Work to be completed: Would you return the data below exactly as it stands, with every picture left out?

Dataset extract section start

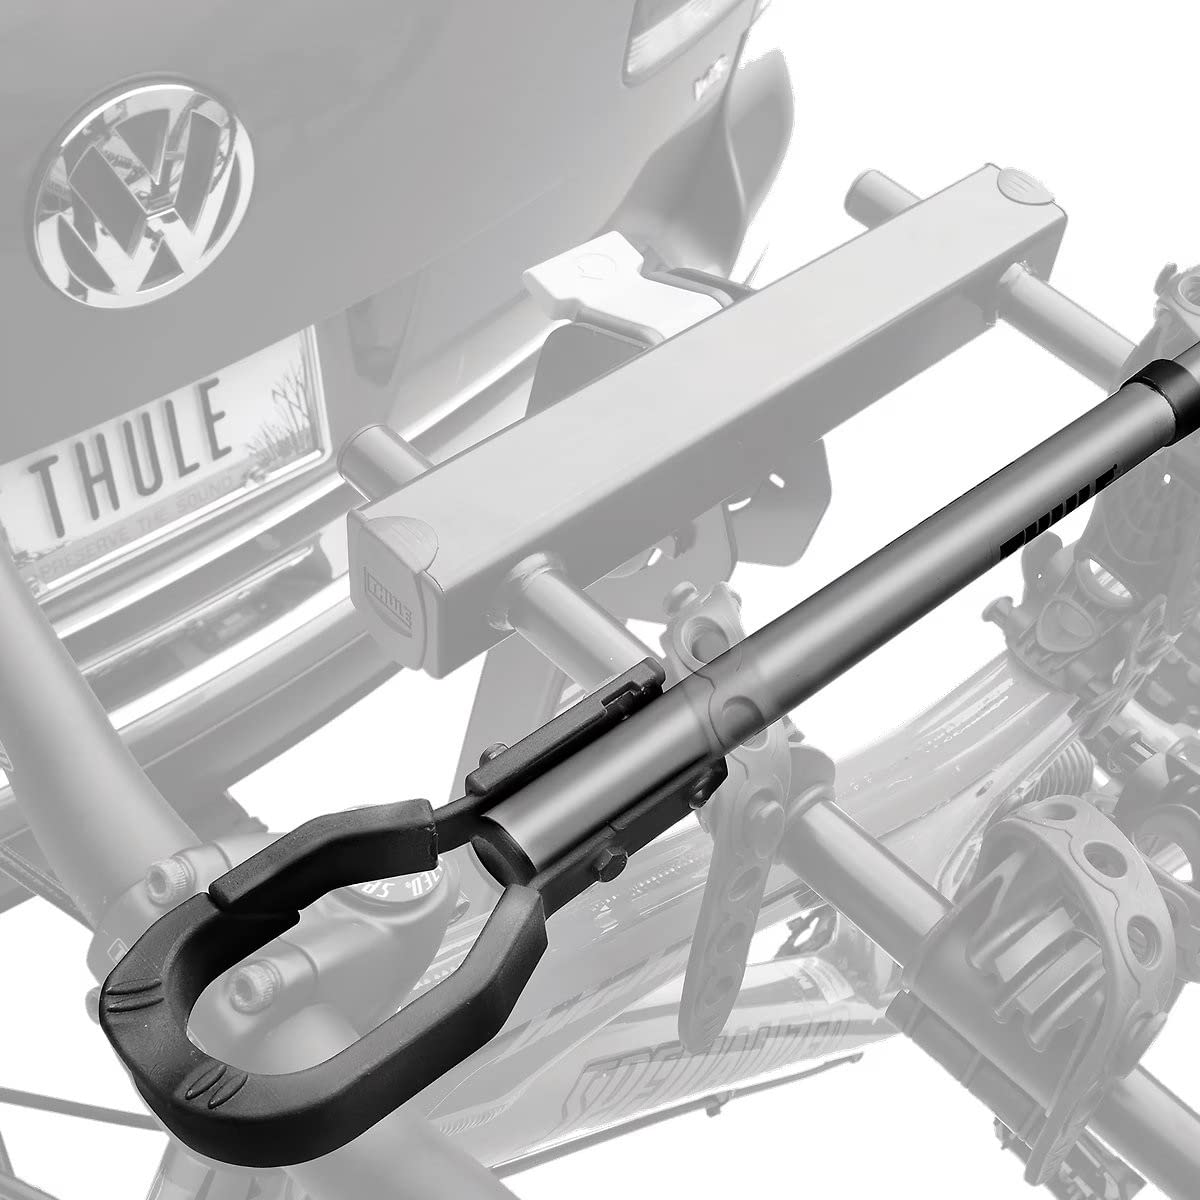 Thule Frame Adapter - Bicycle Cross Bar $38.95
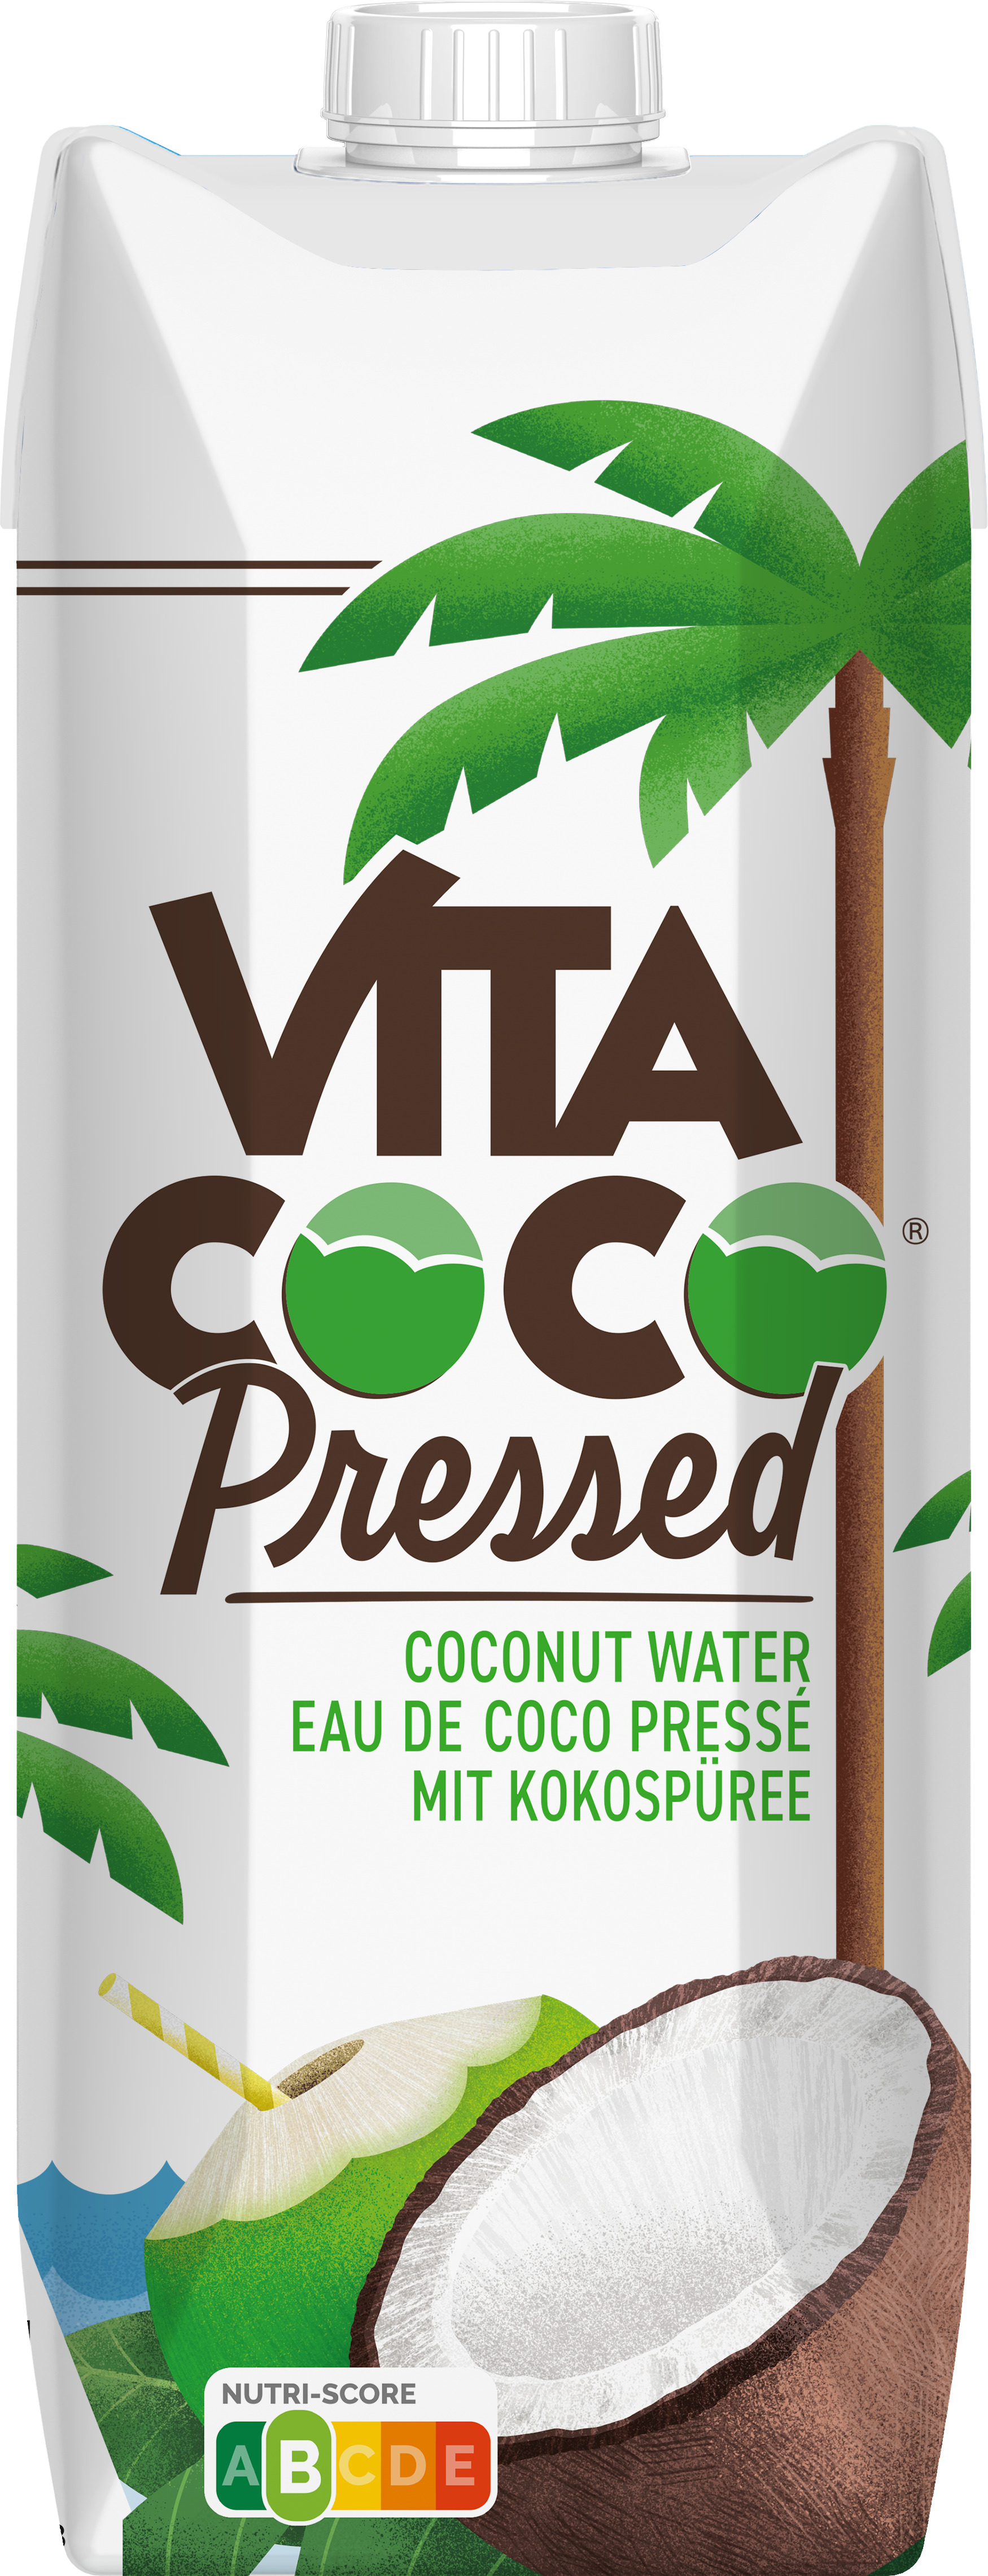 Köp VITA COCO Pressed Coconut Water 1 liter
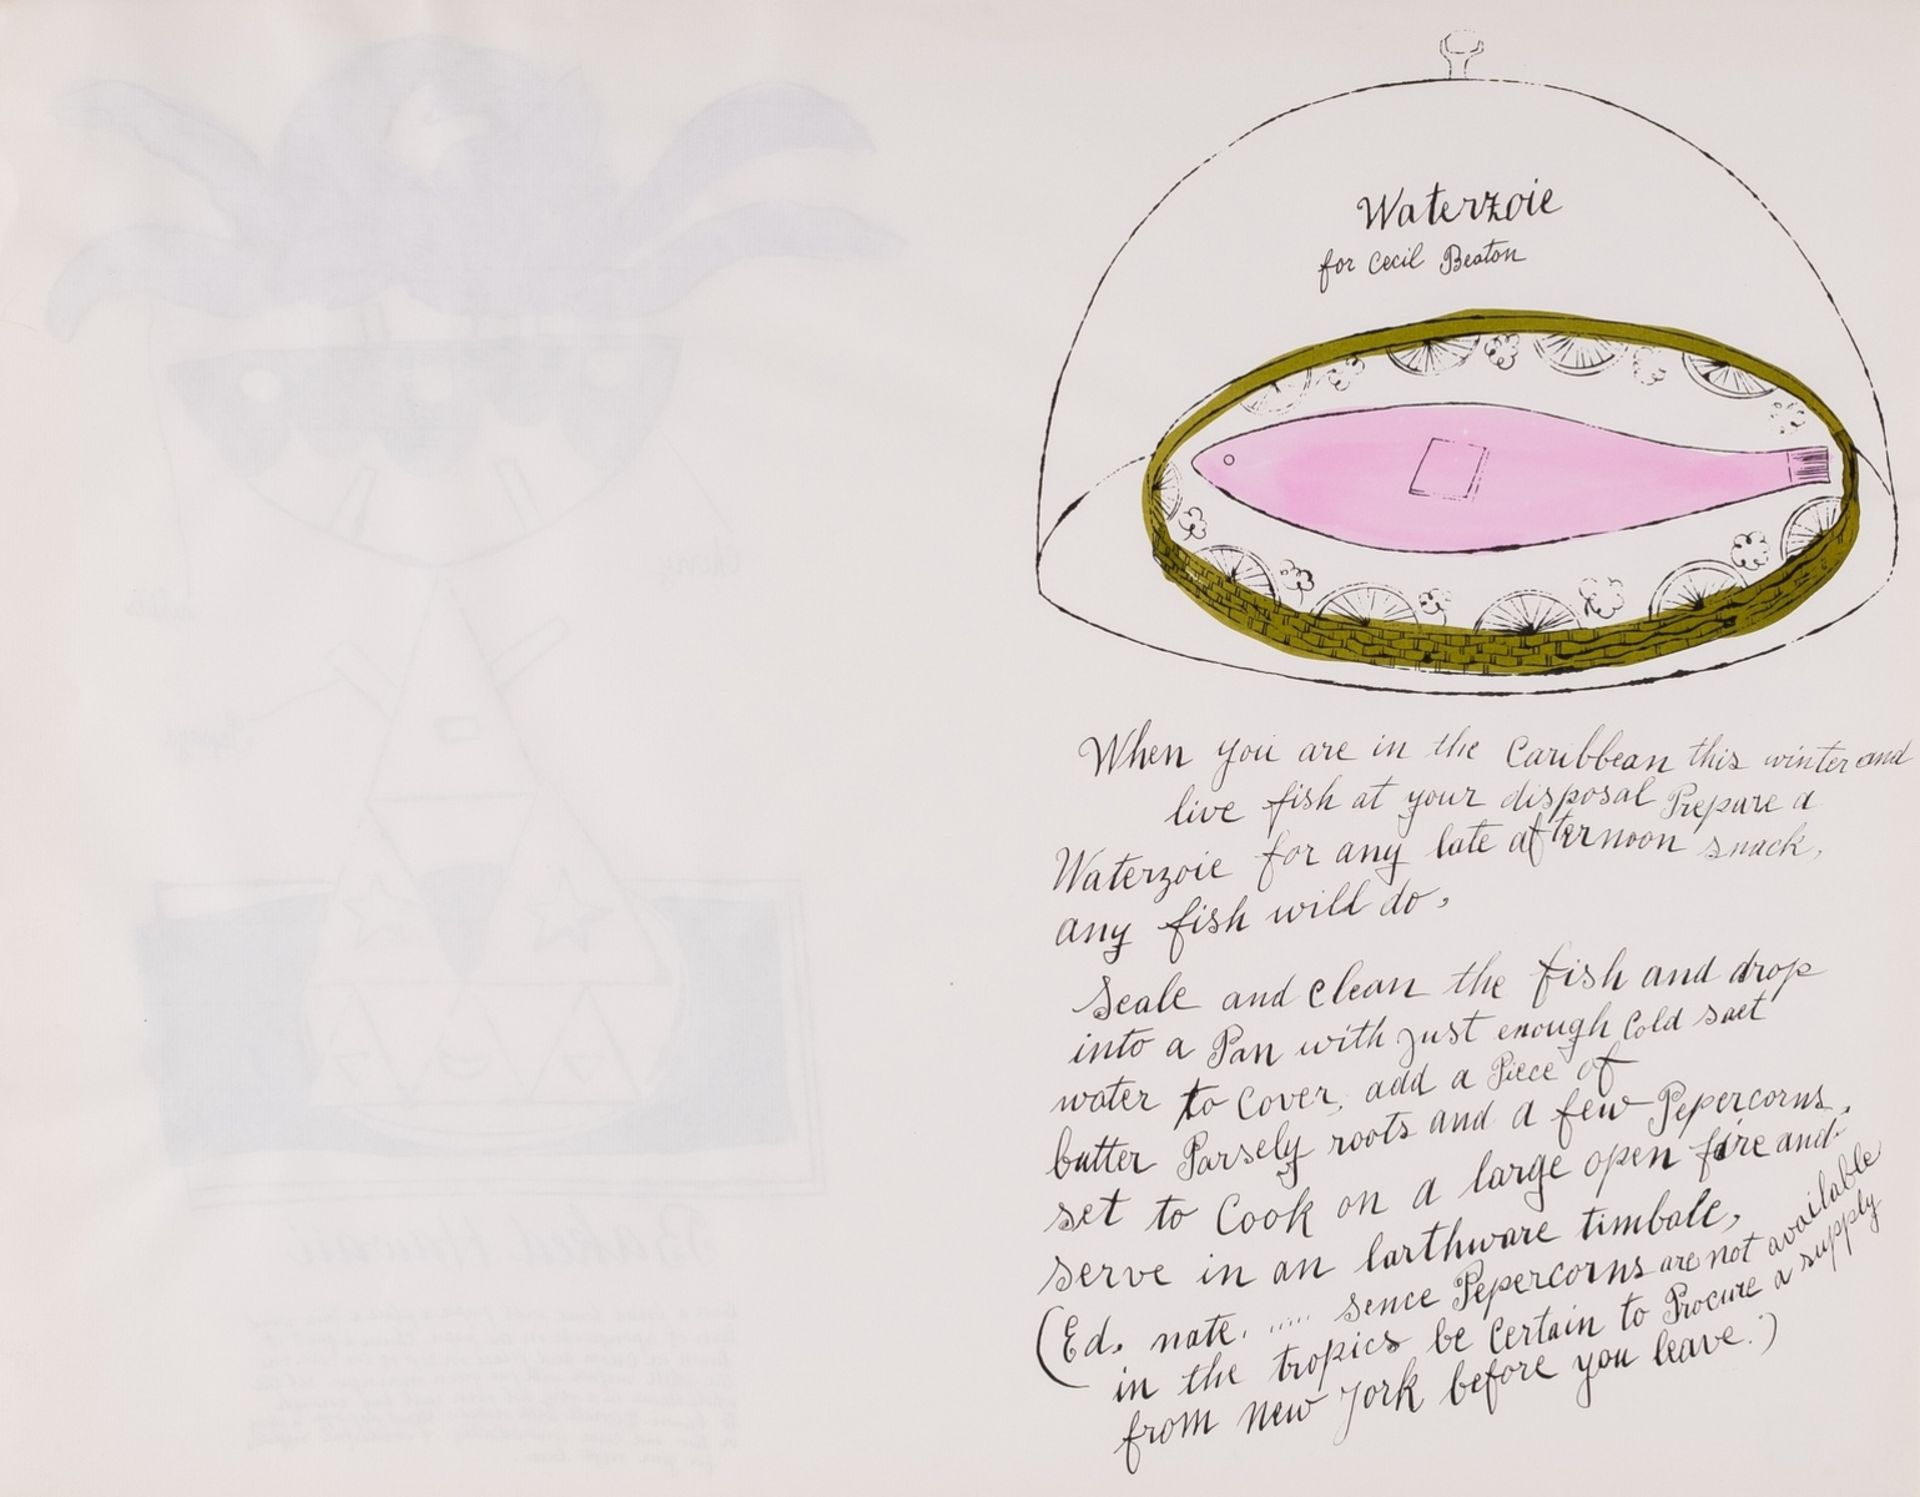 Andy Warhol (1928-1987) Waterzoie and Baked Hawaii, from Wild Raspberries (see Feldman & …

Dataset extract section end

Answer section:
 Thule Frame Adapter - Bicycle Cross Bar $38.95
 Köp VITA COCO Pressed Coconut Water 1 liter
 Andy Warhol (1928-1987) Waterzoie and Baked Hawaii, from Wild Raspberries (see Feldman & …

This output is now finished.